Комментарии: к негативным сторонам данной стратегии следует отнести повышенный риск взаимодействий между используемыми препаратами, усиление побочных эффектов и более высокие экономические затраты. Наиболее значителен риск возникновения антигистаминовых побочных эффектов (прибавка веса и избыточная седация) и антихолинергических побочных эффектов (снижение концентрации внимания и спутанность).

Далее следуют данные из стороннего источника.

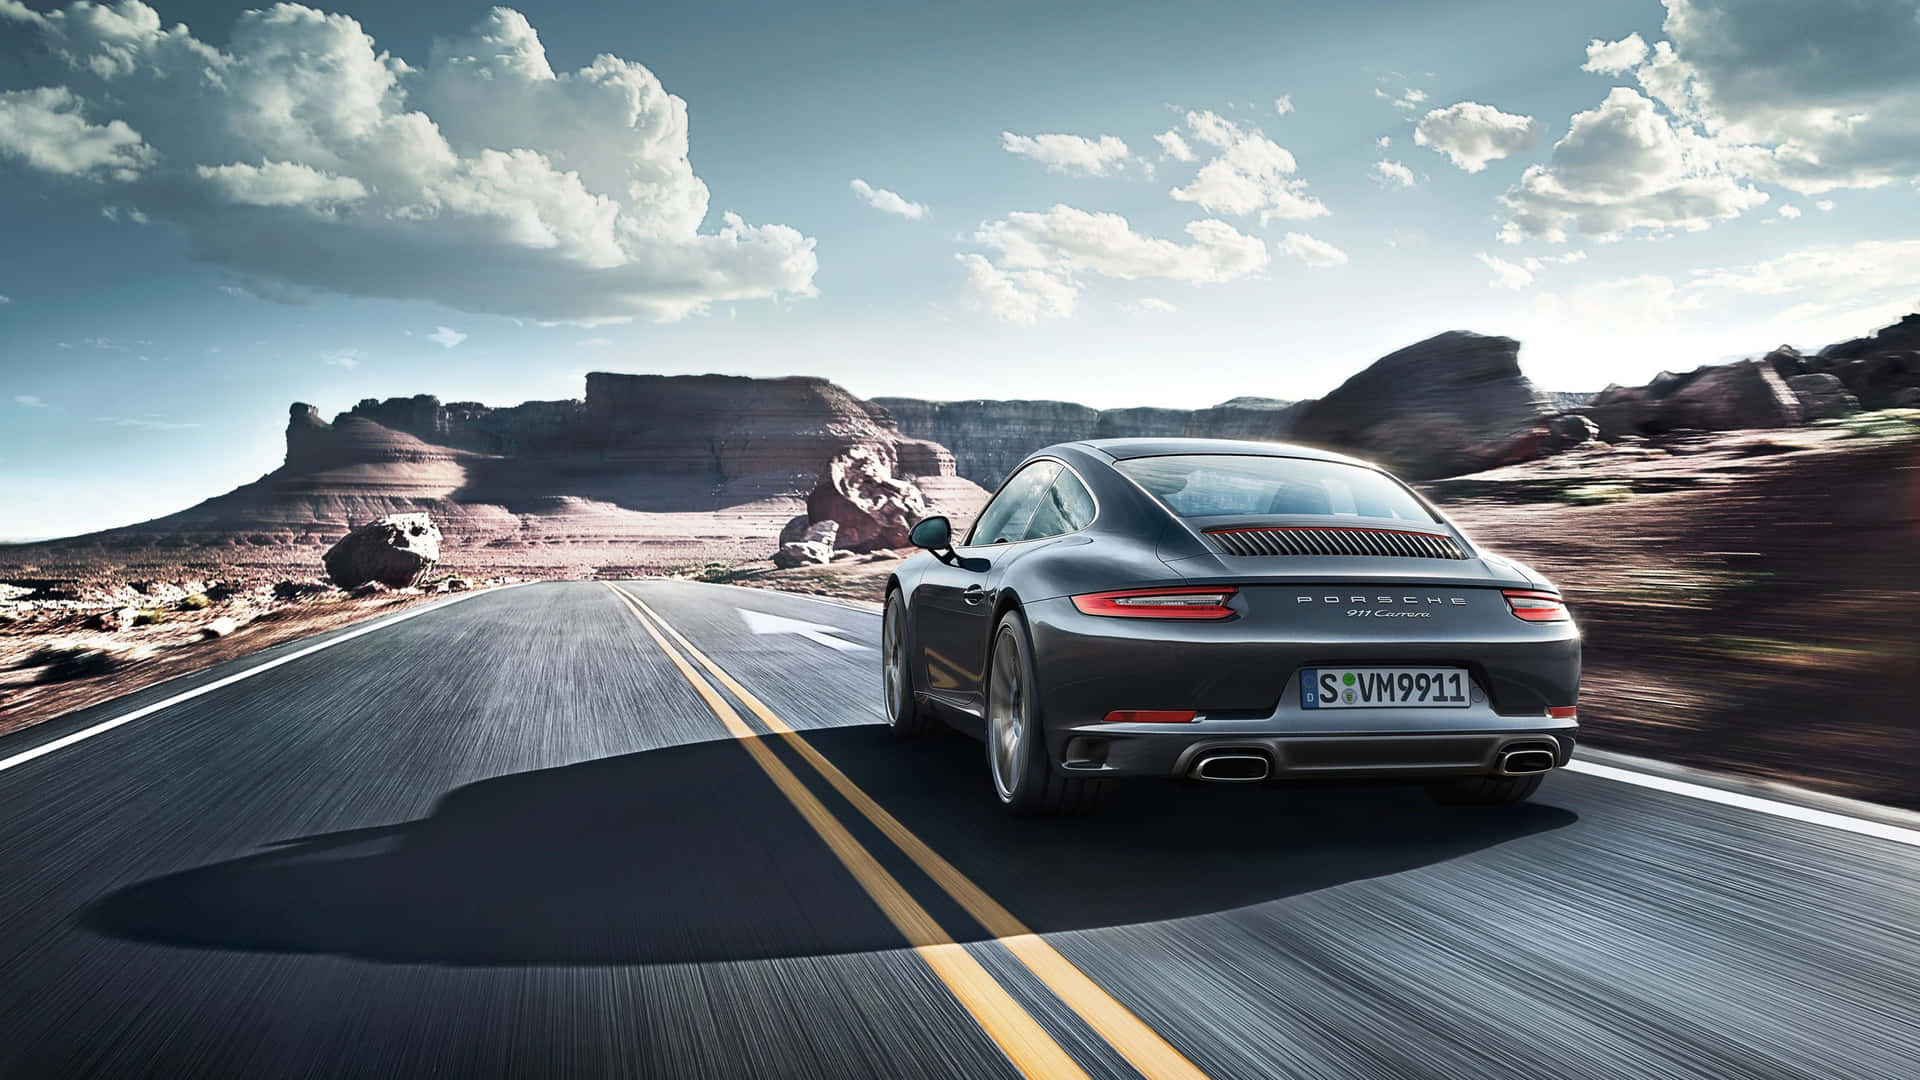 Explore The Road In A Rugged Porsche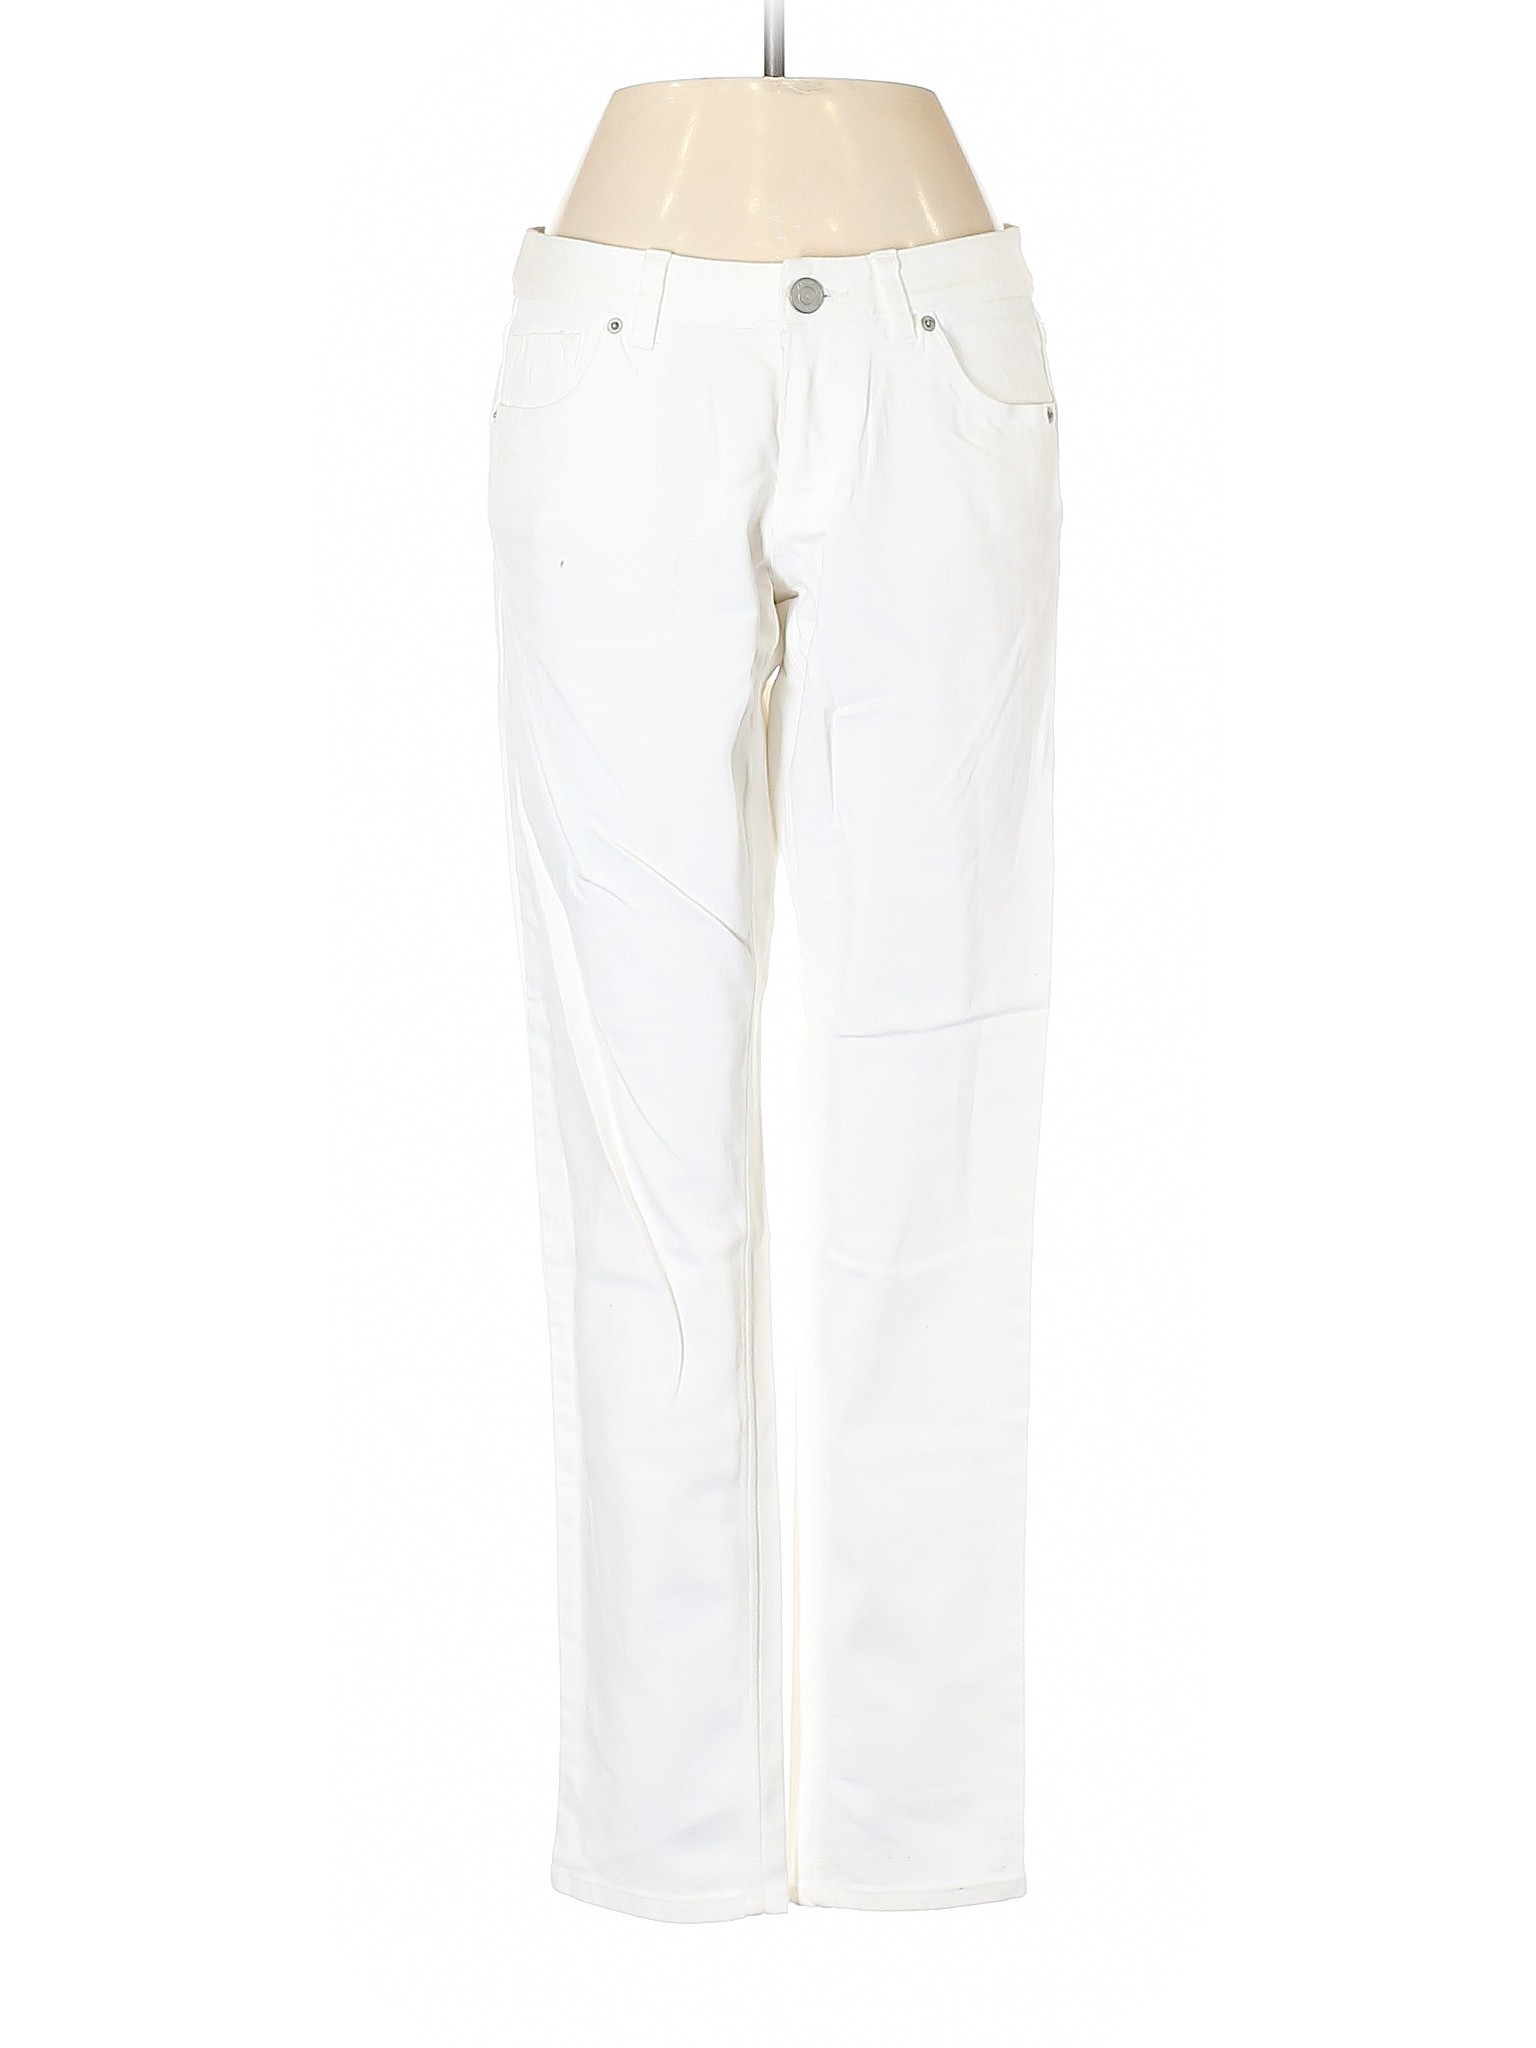 Lands' End Women White Jeans 2 Petites | eBay

Следует избегать сочетания ИМАО-A с СИОЗС и другими серотонинергическими АД (например, кломипрамин**, венлафаксин и др.) вследствие потенциальной возможности развития серотонинового синдрома [164, 165, 166].
- Всем пациентам с резистентностью к антидепрессивной монотерапии рекомендована аугментация эффекта АВП: присоединение к АД кветиапина**, арипипразола, оланзапина** (в сочетании с флуоксетином**) и #рисперидона** [167, 168, 169, 170].
Уровень достоверности доказательств 1 (уровень убедительности рекомендации B).
Комментарии: При присоединении любого АВП возрастает общее число побочных эффектов, включая гиперпролактинемию, метаболические нарушения (увеличение массы тела, дислипидемия, нарушение углеводного обмена), лейкопению, седацию и сонливость, антихолинергические и экстрапирамидные побочные эффекты, что требует тщательной оценки отношения риск/польза при их использовании вместе с антидепрессантами.
В соответствии с результатами проведенных исследований, подтвердивших эффективность арипипразола при аугментации действия АД при лечении терапевтически резистентной депрессии, рекомендуемой стартовой дозой является 5 мг/сут с возможным последующим повышением дозы до максимальной 15 мг/сут [171, 172]. Наиболее частыми нежелательными явлениями при применении арипипразола являются экстрапирамидные расстройства, акатизия и увеличение веса. Высокая аугментирующая эффективность кветиапина** также была подтверждена в ряде исследований, согласно которым рекомендуемой стартовой дозой препарата является 50 мг/сут с возможным повышением дозы до 100, 150, 300 мг/сут. Максимальная доза не должна превышать 600 мг/сут. При этом необходимо учитывать возможность появления седации и набора веса. При применении оланзапина** в целях аугментации эффекта флуоксетина** рекомендуемый диапазон доз составляет 5 - 10 мг/сут (доза 5 мг вне указанного режима применения препарата в инструкции по медицинскому применению оланзапина**) [173]. Наиболее часто возникают такие побочные эффекты, как увеличение веса, седация и повышение пролактина. Что касается применения #рисперидона** при аугментации антидепрессивной терапии, рекомендуемой стартовой дозой является 0,5 мг/сут, а диапазон доз составляет 0,25 - 3 мг/сут [174]. Следует учитывать возможность развития гиперпролактинемии и экстрапирамидных расстройств.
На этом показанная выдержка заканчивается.